DISTINCT ON
in PostgresEvery once in a while, I'll have a need to do a one-to-many join, but keep only a certain row in the "many" table. For instance, say we have a system to track inventory in retail stores:
CREATE TABLE store (
id SERIAL PRIMARY KEY,
name TEXT
);
CREATE TABLE inventory (
store_id INTEGER REFERENCES store,
quantity INTEGER,
item_name TEXT,
PRIMARY KEY (store_id, item_name)
);
INSERT INTO store(name) VALUES
('School Supplies R Us'),
('Grocery Mart');
INSERT INTO inventory VALUES
(1, 1, 'Backpack'),
(1, 12, 'Pencil'),
(1, 4, 'Pen'),
(2, 12, 'Egg'),
(2, 1, 'Flour (lb.)');
We can get the inventory for all stores easily enough.
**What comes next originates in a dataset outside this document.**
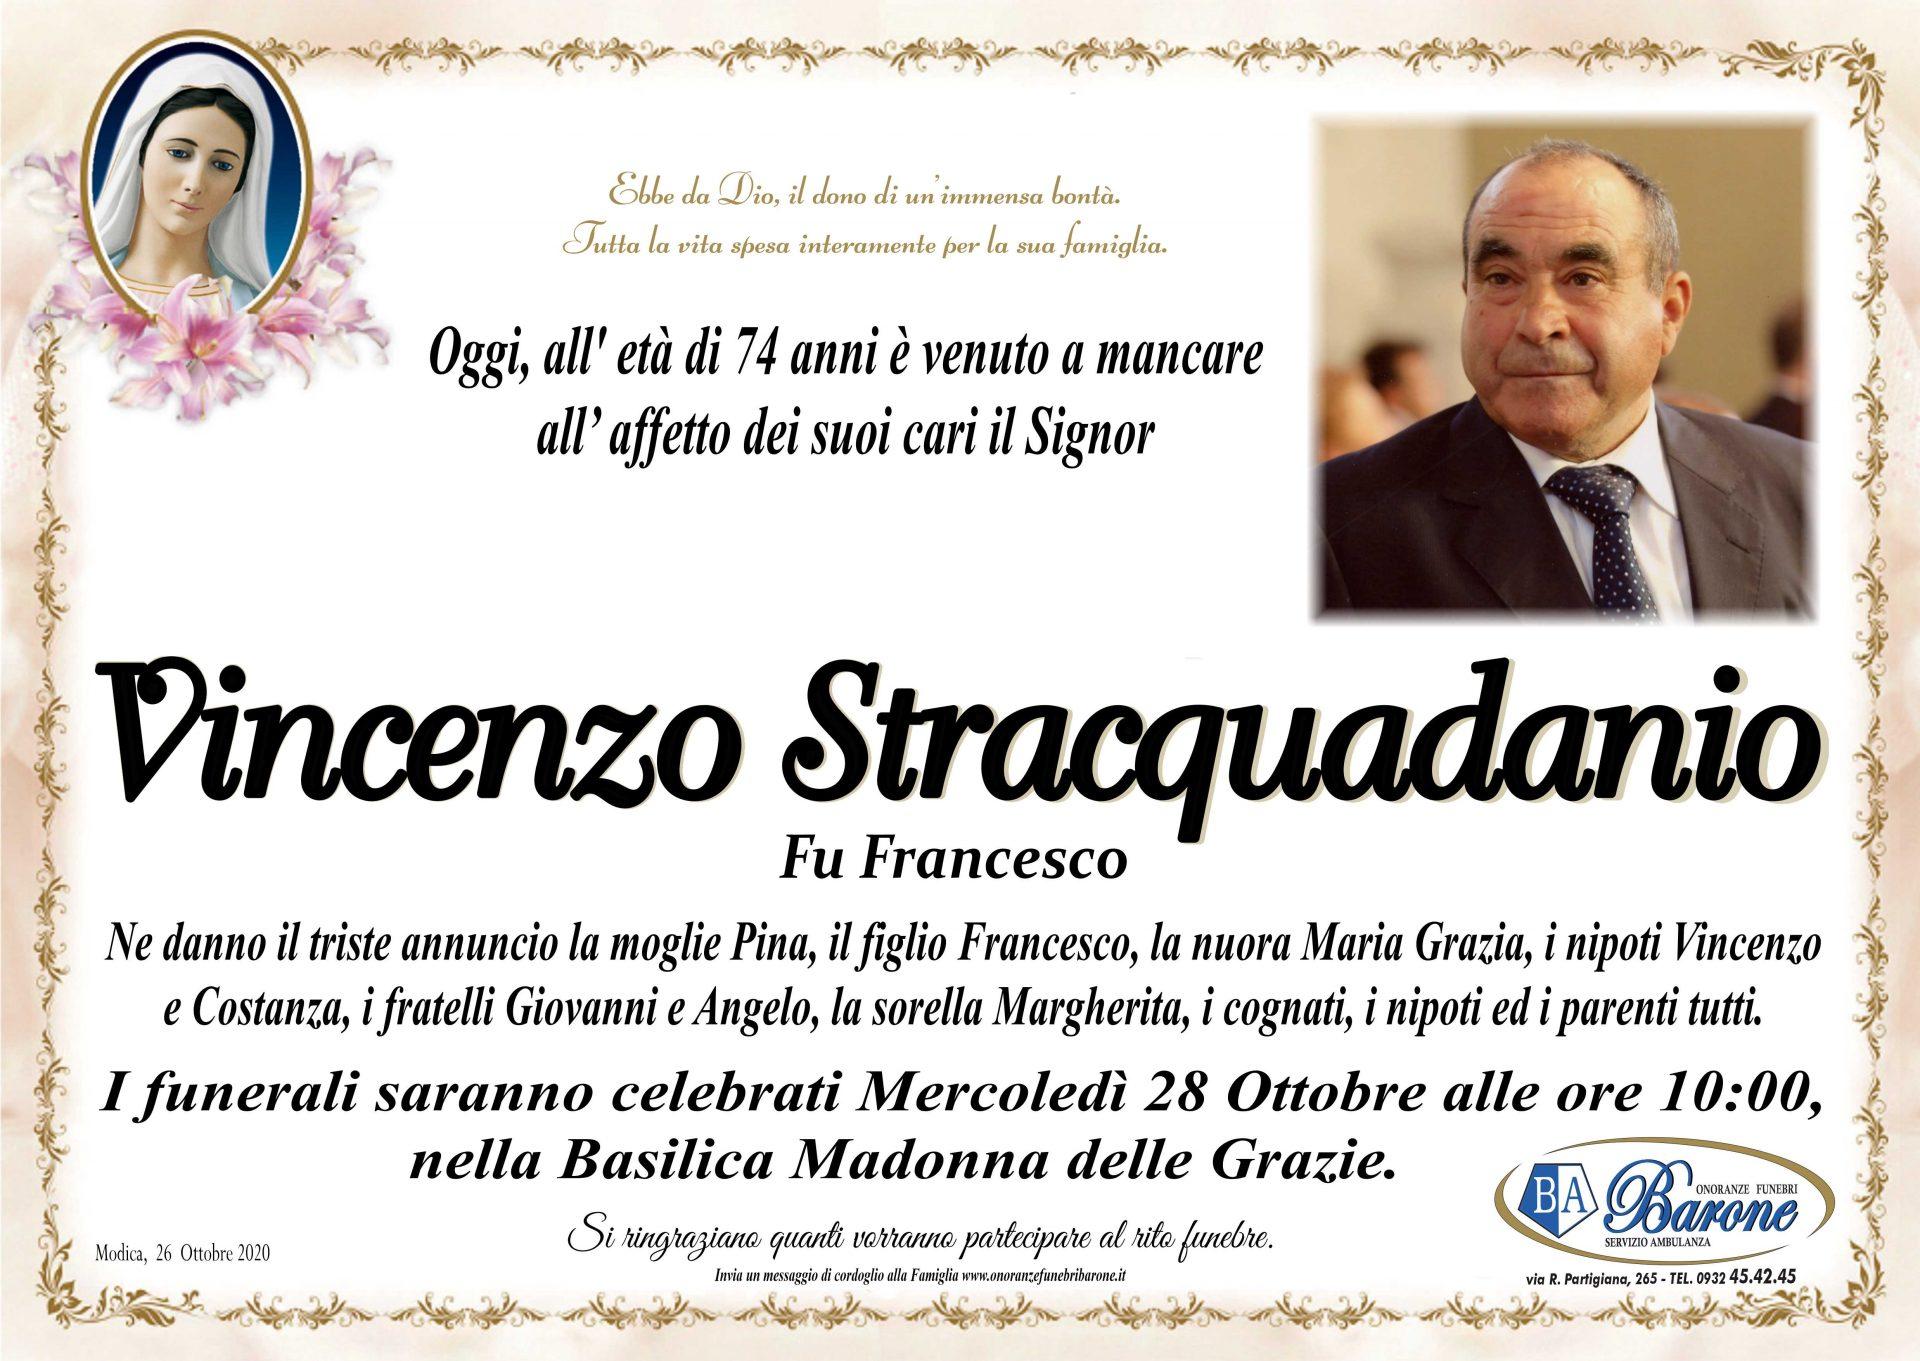 Vincenzo Stracquadanio

SELECT name, quantity, item_name
FROM inventory
JOIN store ON inventory.store_id = store.id;
name | quantity | item_name
----------------------+----------+-------------
School Supplies R Us | 1 | Backpack
School Supplies R Us | 12 | Pencil
School Supplies R Us | 4 | Pen
Grocery Mart | 12 | Egg
Grocery Mart | 1 | Flour (lb.)
But what if we only want to get the item with highest quantity from each store? Fortunately, Postgres has a syntax that makes this easy.
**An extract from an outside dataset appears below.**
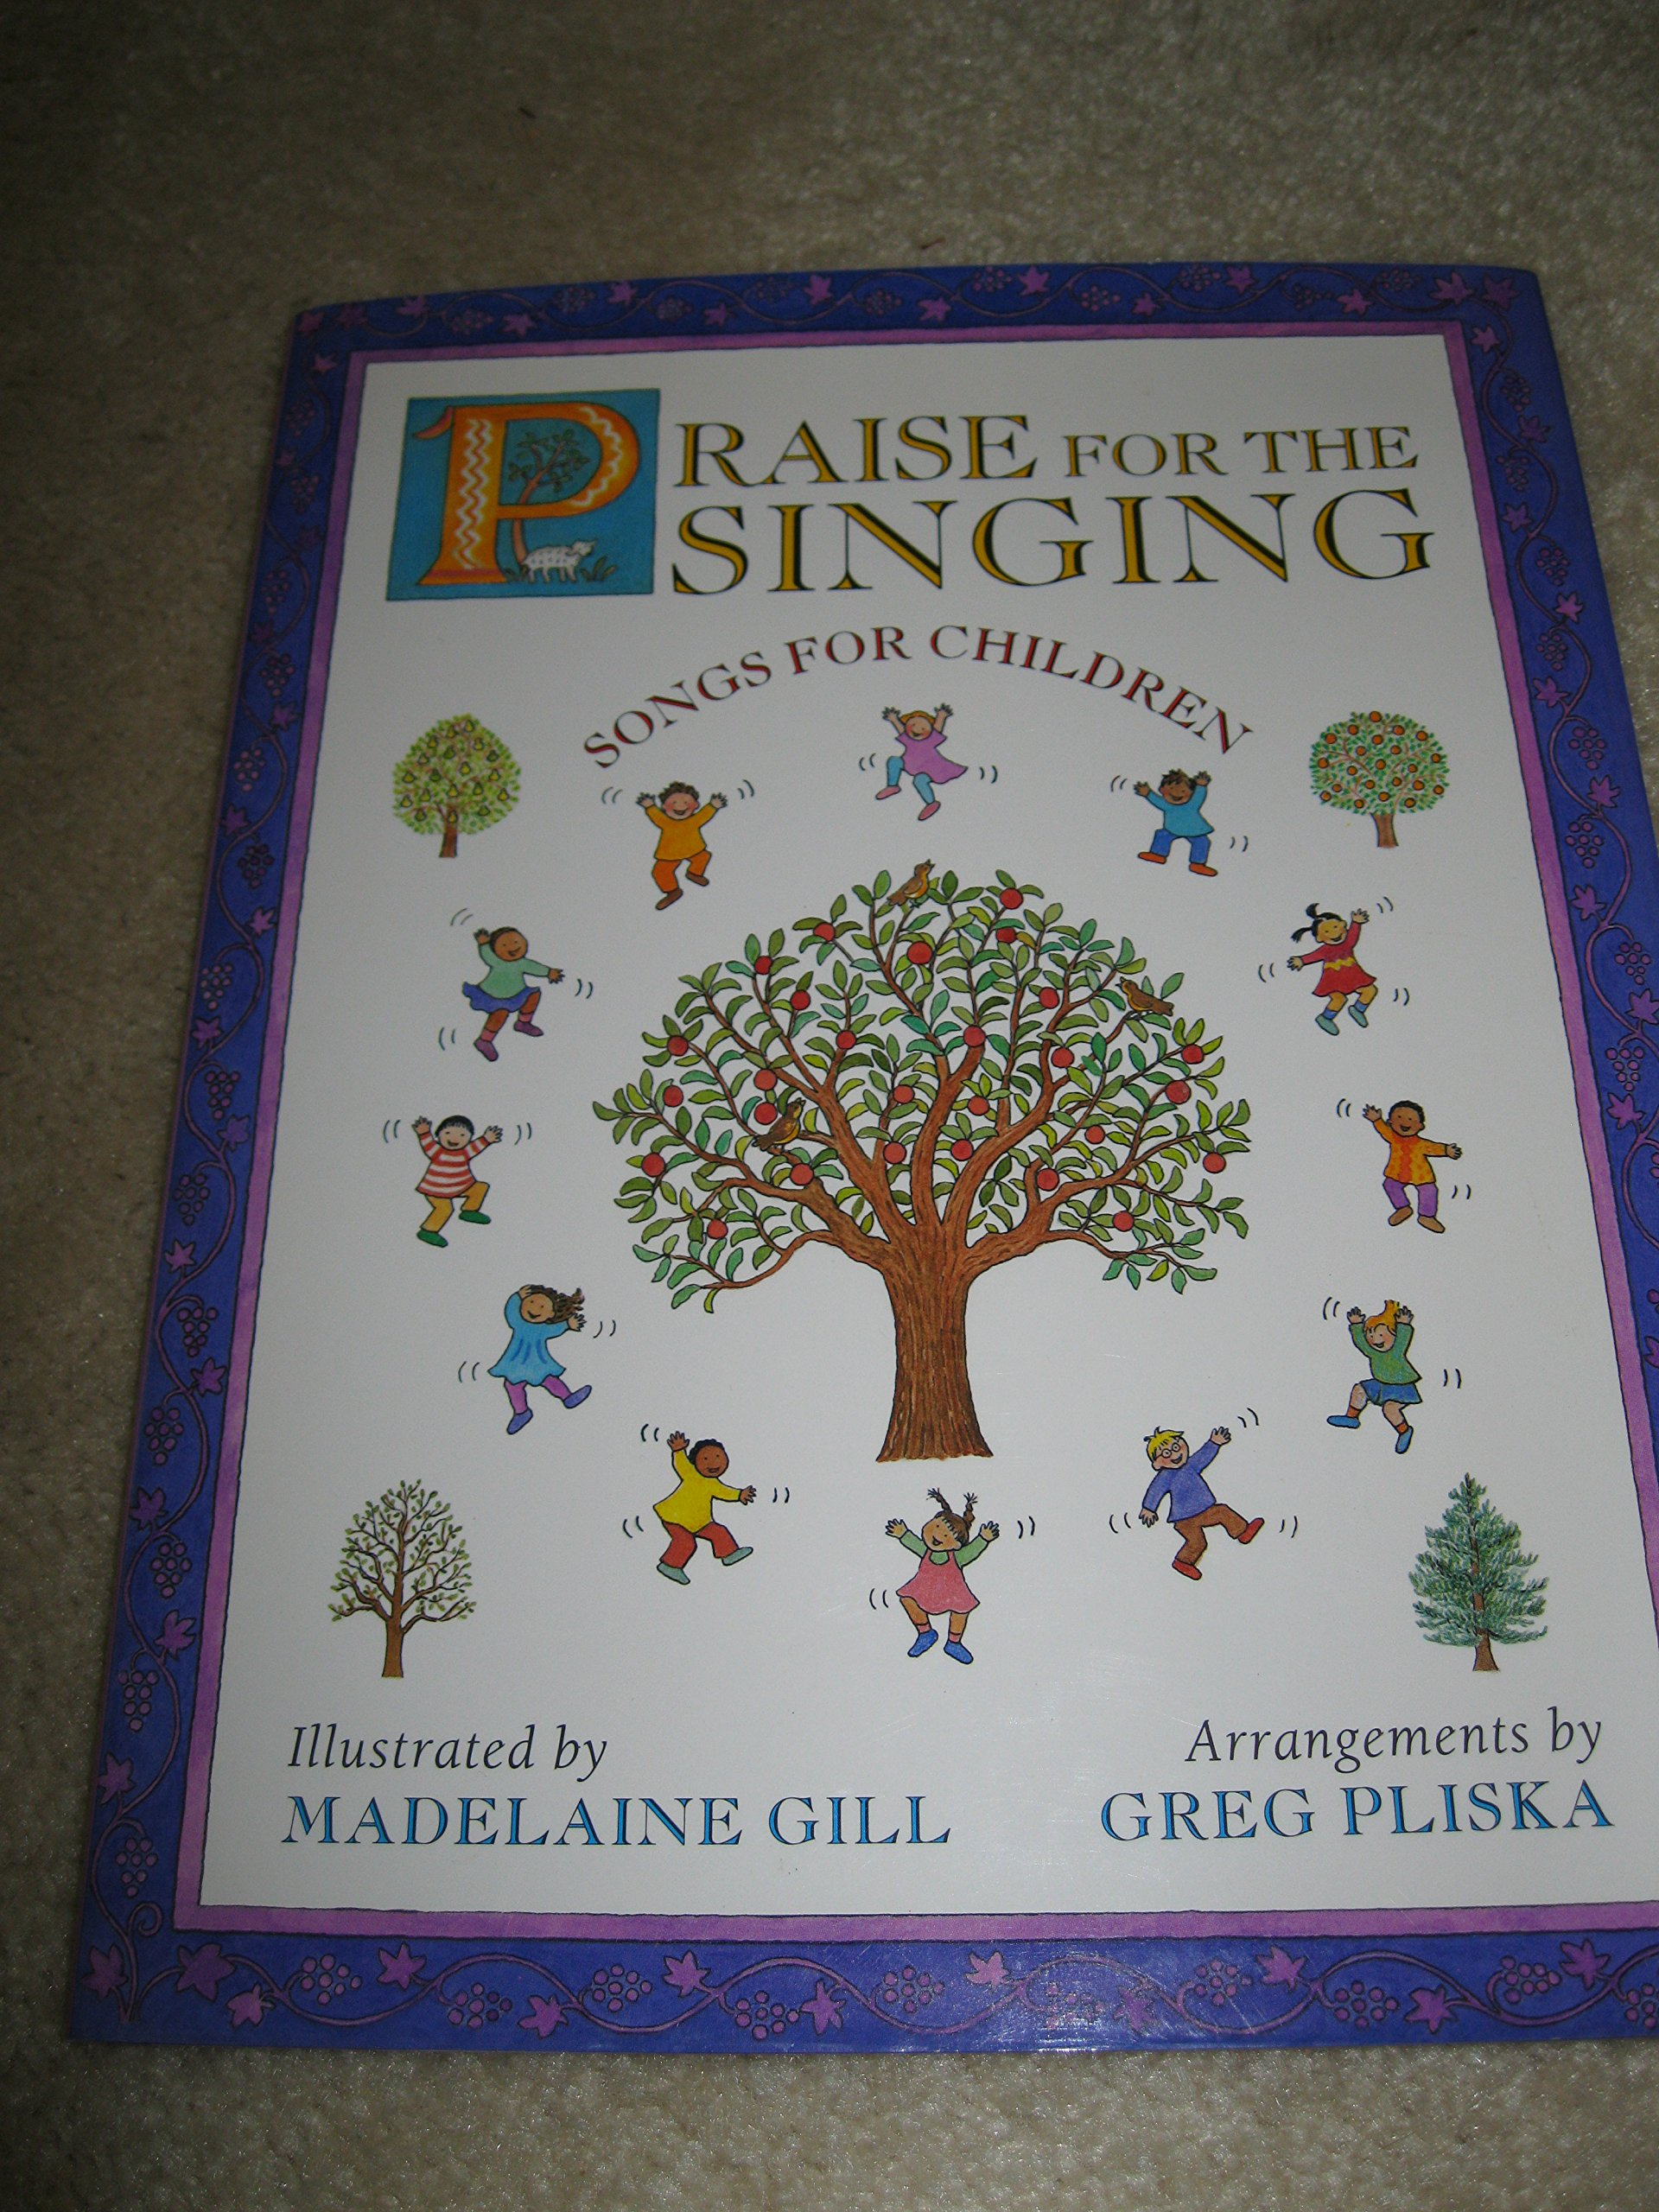 Praise for the Singing: Songs for Children

SELECT DISTINCT ON(store_id) name, quantity, item_name
FROM inventory
JOIN store ON inventory.store_id = store.id
ORDER BY store_id, quantity DESC;
name | quantity | item_name
----------------------+----------+-----------
School Supplies R Us | 12 | Pencil
Grocery Mart | 12 | Egg
What does DISTINCT ON
do? Well, it selects the first row out of the set of rows whose values match for the given
columns. The first row is arbitrary unless we pass along an ORDER BY
statement. Note that we have to include the
columns from the ON()
clause in our ORDER BY
. If we don't, we get a helpful error message:
SELECT DISTINCT ON (store_id) name, quantity, item_name
FROM inventory
JOIN store ON inventory.store_id = store.id
ORDER BY quantity DESC;
ERROR: SELECT DISTINCT ON expressions must match initial ORDER BY expressions
LINE 1: SELECT DISTINCT ON (store_id) name, quantity, item_name
^
If you run into a situation wherein you need to choose a specific row in a group based on some rules, try using
DISTINCT ON
. For more detail, check out the Postgres documentation.